I believe that the effects of divorce on children vary from child to child and the severity of the divorce. Some experts say that children that are effected by divorced parents in a negative way will have difficulties establishing career goals and stable romantic relationships. Though now with better designed studies, it shows that in actuality, a substanial majority of children survive their parents' divorce without long term damage. Though divorce can still produce negative effects in some children. And my personal experience and story can attend to that.
In my family I am one of three children whose parents divorced. At the time of my parents seperating my older sister was 22, I was 18 and my younger brother was 13. I remember our parents arguing and bickering back and forth almost every night of the week, about almost anything, I even remember them staying in different parts of the house to avoid each other.
So when the divorce occured, my sister was already out of the house so it didnt affect her in any negatvie way, and with me, i was just finishing high school and on my way off to college. My sister and I knew that our parents divorce was the best thing for them and us and we were happy that they were getting separated, because that meant no more arguing and that they would both be happier around us. Though with my brother, it hit him differently, he took the divorce negatively. My brother seemed to need my parents to stick together, to be with him togther to watch him grow through his teen years, to have structure, and it didnt happen for him. My brother first lashed out at my dad blaming him and wanting nothing to do with him, then he'd do the same to my mom.
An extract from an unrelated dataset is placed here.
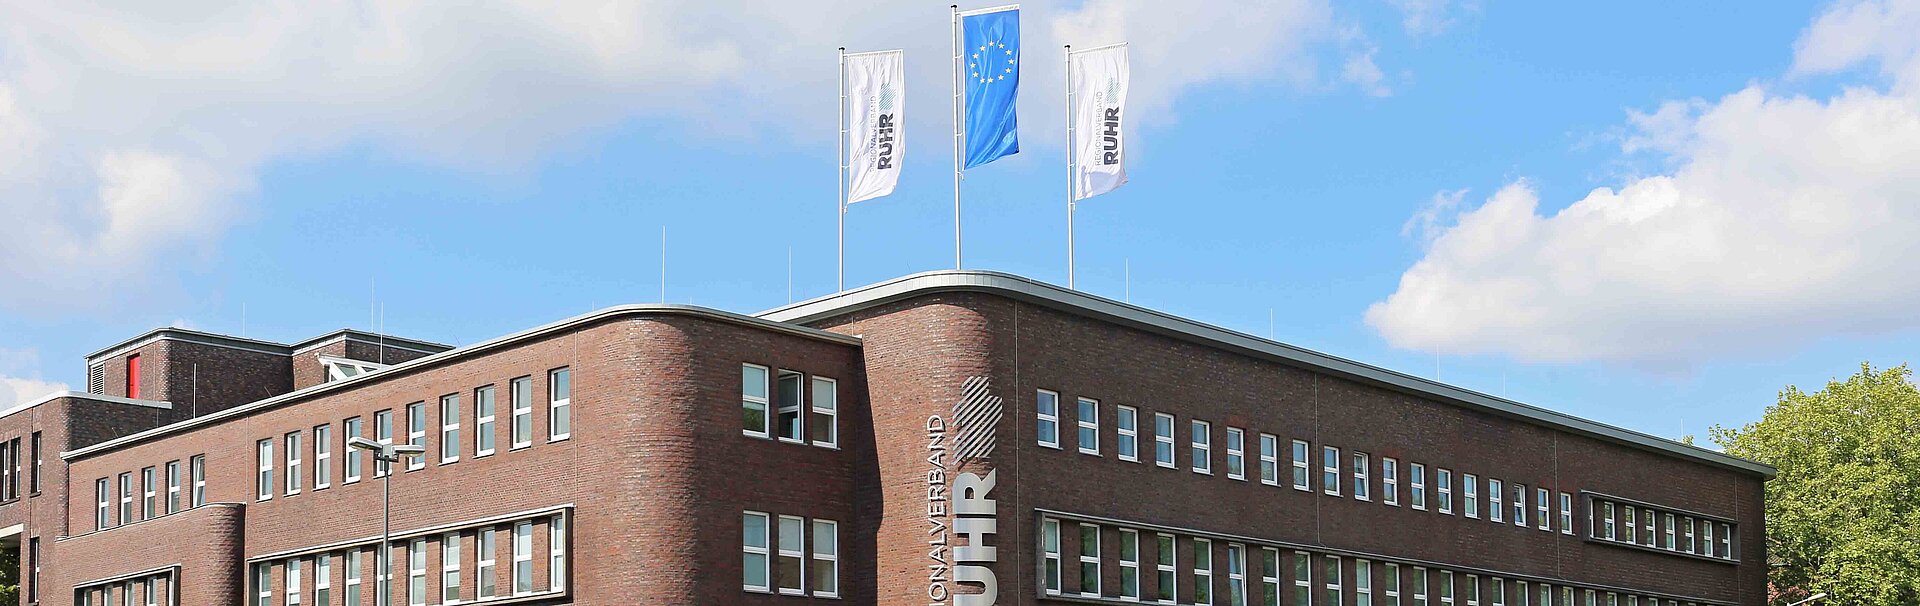 Flaggen auf dem RVR-Hauptgebäude, Foto: Michael Schwarze-Rodrian

My brothers performance in school started to slip and fade away. He would act out towards his teachers and fellow classmates getting in fights and all sorts of trouble. He then started spiraling down into more severe negative actions like drinking alcohol to a point of having to have his stomach pumped to becoming addicted to heroin and cocain to where it finally took over him and sadly took his life. I always remember him saying over and over that he wanted out parents back togther again, and no matter how hard my parents tried to explain to him how much they were there for him and loved him and were apart of his life, it just wasnt the same for him if there werent "together". throughout his troubles my parents endlessly and continually tried to help my brother in every way shape and form but it seemed never enough.
So I strongly believe that divorced parents definelty varies from child to child. I dont believe that all children are negatively effected by it and I dont believe that all children are not effected by it at all. It definetly depends on the severity of the divorce and the child himself.
Hey, your blog caught my attention because my parents got divorced a couple of years ago, when I was 16, and I am now at age 18 trying to understand how divorce happens and how it affects those involved. I never thought it was a big before because, as you kind of mentioned, it was a normal thing for my parents not to get along for a large part of my life. However, I think it is important to understand and process what a divorce means no matter what age we are when it happens because it is a sad event that happens too often.
I liked your post, you spoke about the topic with insight and maturity.